Selon certains informateurs, la curiosité est très présente dans la relation à l’Autre, et est essentielle à l’établissement d’un contact. « Je pense que c’est une relation de

curiosité, d’abord. Je pense que les gens posent des questions par curiosité, ce qui sert de premier contact » (Ève, agente de POL). À la veille d’un évènement festif mettant en

vedette la région du Sahel, nous avons demandé à une informatrice si elle comptait engager la conversation avec les immigrants présents et si elle les questionnerait. Elle a répondu avec enthousiasme par l’affirmative, précisant qu’elle s’enquerrait de leur nourriture, de leurs habits traditionnels et de leur langue maternelle. Elle a ensuite ajouté : « Et on peut parler d’autre chose. On sait pas où ça nous mène. On laisse aller la

conversation, et des fois on en découvre de plus en plus. Je suis très curieuse! » (Pauline,

enseignante à la retraite, 68 ans). Bernard, agent de POL, tient à spécifier que la curiosité des Jeannois est sans méchanceté ni mauvaise arrière-pensée : « C’est une curiosité

positive, ils te voient, ils sont curieux de savoir. Pas de savoir négativement pour te rabaisser, mais qu’est-ce que tu fais ici ». Une anecdote qui illustre cette curiosité positive

nous a été rapportée par un Togolais installé à Dolbeau-Mistassini. Son voisin âgé lui a un jour demandé de quel pays il était originaire. Ne sachant pas où était situé le Togo, il est allé vérifier sur une carte du monde. Quelques jours plus tard, un autre voisin a interrogé le Togolais sur ses origines, et c’est le premier homme qui s’est empressé de répondre,

non sans fierté de connaître non seulement le nom du pays, mais également sa localisation géographique.

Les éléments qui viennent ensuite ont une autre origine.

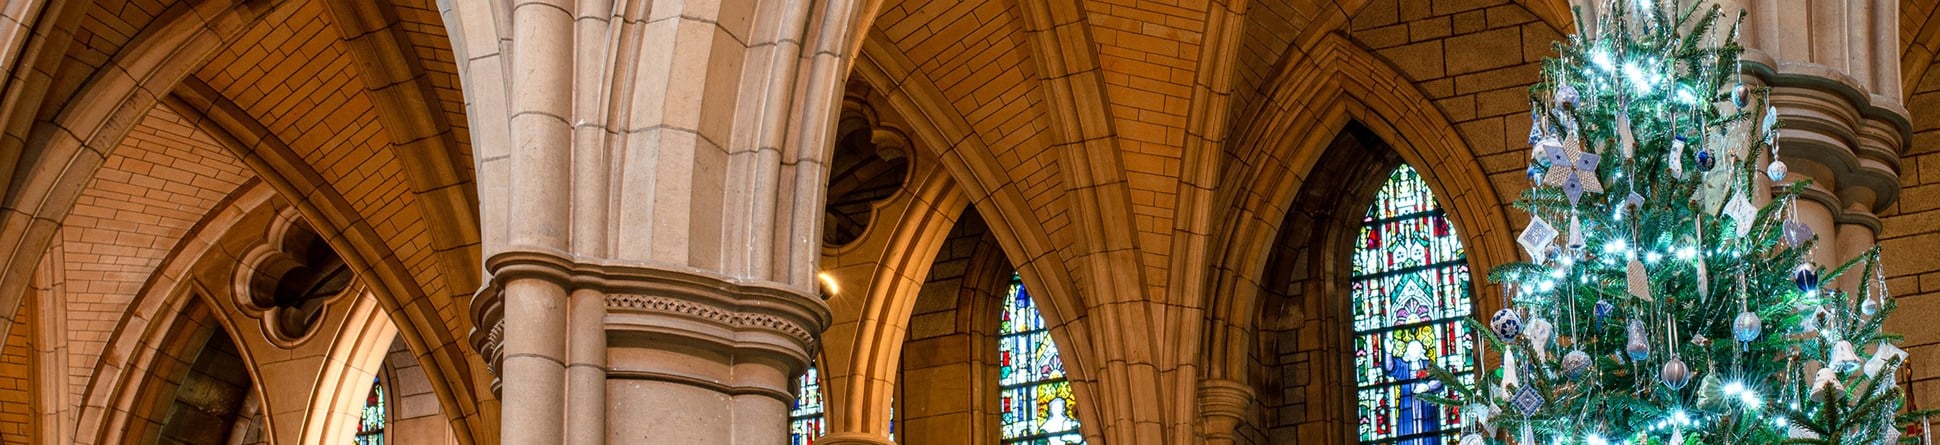 A photograph of the tops of some of Truro Cathedral's pointed arches, with stained glass windows in the background. In the foreground, to the right hand side, there is a Christmas tree.

Voyons à présent dans quelles variations la curiosité s’est manifestée lors de notre terrain.

3.3.1 L’effet exotique de la nouveauté

Nous avons remarqué chez quelques individus un certain engouement pour les immigrants, l’interculturel et tout ce qui vient d’ailleurs, principalement de l’Afrique. Certains Dolmissois accourent à tous les évènements organisés par Portes Ouvertes sur le Lac, dès lors que la publicité comporte l’adjectif « interculturel ». Le succès retentissant que connaissent les cours de djembé, offerts par un Togolais établi à Dolbeau-Mistassini, en est un exemple supplémentaire. « C’est sûr qu’il y en a qui trippent, c’est comme les

cours de danse africaine, il y en a qui sont comme vendus. » (Gabrielle, agente de POL).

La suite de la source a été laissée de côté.